October 26th, 2011 No comments

I was at a very interesting workshop on Predictive Modeling and Search Based Software Engineering on Monday/Tuesday this week and am going to say something about the talks that interested me. The talks were recorded and the videos will appear on the web site in a few weeks. The CREST Open Workshop (COW) runs roughly once a month and the group leader, Mark Harman, is always on the lookout for speakers, do let him know if you are in the area.

  • Tim Menzies talked about how models built from one data set did well on that dataset but often not nearly as well on another (i.e., local vs global applicability of models). Academics papers usually fail to point out that that any results might not be applicable outside of the limited domain examined, in fact they often give the impression of being generally applicable.

    Me: Industry likes global solutions because it makes life simpler and because local data is often not available. It is a serious problem if, for existing methods, data on one part of a companies software development activity is of limited use in predicting something about a different development activity in the same company and completely useless at predicting things at a different company.

  • Yuriy Brun talked about something that is so obviously a good idea it is hard to believe that it had not been done years ago. The idea is to have your development environment be aware of what changes other software developers have made to their local copies of source files you also have checked out from version control. You are warned as soon your local copy conflicts with somebody else’s local copy, i.e., a conflict would occur if you both check in your local copy to the central repository. This warning has the potential to save lots of time by having developers talk to each about resolving the conflict before doing any more work that depends on the conflicting change.

    Crystal is a plug-in for Eclipse that implements this functionality and Visual studio support is expected in a couple of releases time.

    I have previously written about how multi-core processors will change software development tools and I think this idea falls into that category.

  • Martin Shepperd presented a very worrying finding.
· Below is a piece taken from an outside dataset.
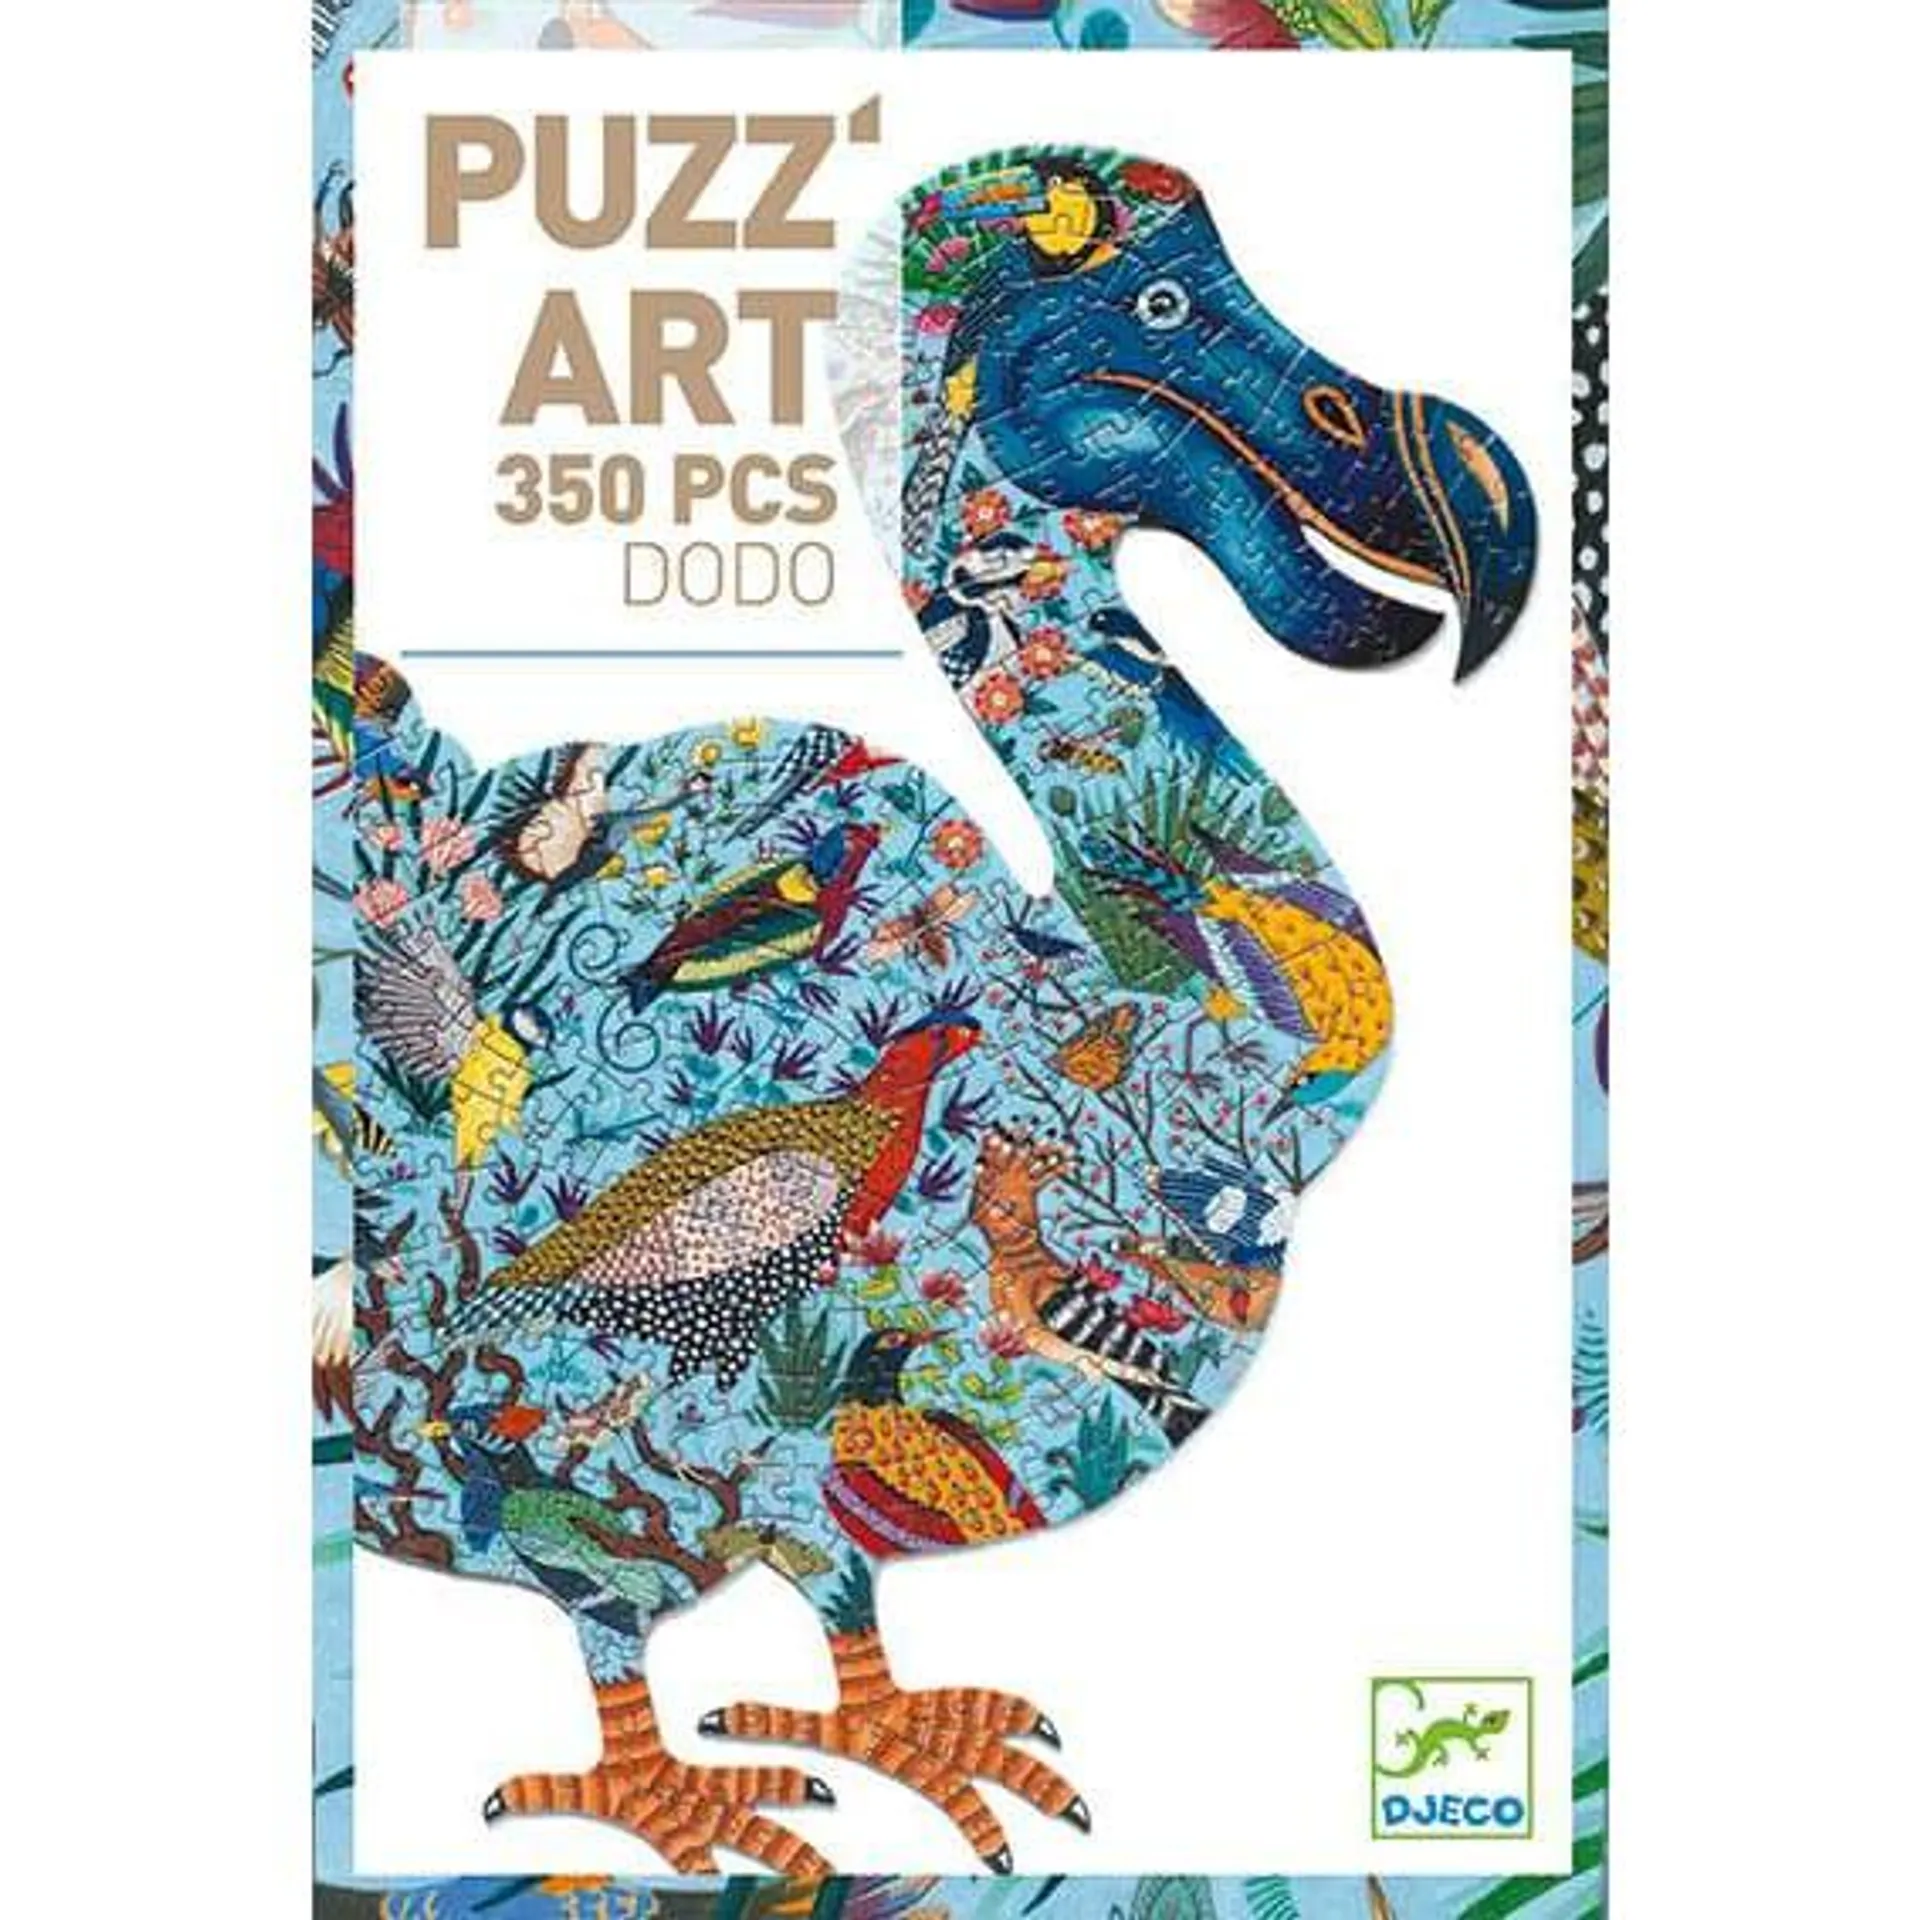 Djeco Puzz'art Dodo 350 pieces

An analysis of the results published in 18 papers dealing with fault prediction found that the best predictor (over 60%) of agreement between results in different papers was co-authorship. That is, when somebody co-authored a paper with another person any other papers they published were more likely to agree with other results published by that person than with results published by somebody they had not co-authored a paper with. This suggests that each separate group of authors is doing something different that significantly affects their results; this might be differences in software packages being used, differences in configuration options or tuning parameters, so something else.

    It might be expected that agreement between results would depend on the techniques used, but Shepperd et als analysis found this kind of dependency to be very small.

    An effect is occurring that is not documented in the published papers; this is not how things are supposed to be. There was lots of interest in obtaining the raw data to replicate the analysis.

  • Camilo Fitzgerald talked about predicting various kinds of feature request ‘failures’ and presented initial results based on data mined from various open source projects; possible ‘failures’ included a new feature being added and later removed and significant delay (e.g., 1 year) in implementing a requested feature. I have previously written about empirical software engineering only being a few years old and this research is a great example of how whole new areas of research are being opened up by the availability of huge amounts of data on open source projects.

    One hint for PhD students: It is no good doing very interesting work if you don’t keep your web page up to date so people can find out more about it

I talked to people who found other presentations very interesting. They might have failed to catch my eye because my interest or knowledge of the subject is low or I did not understand their presentation (a few gave no background or rationale and almost instantly lost me); sometimes the talks during coffee were much more informative.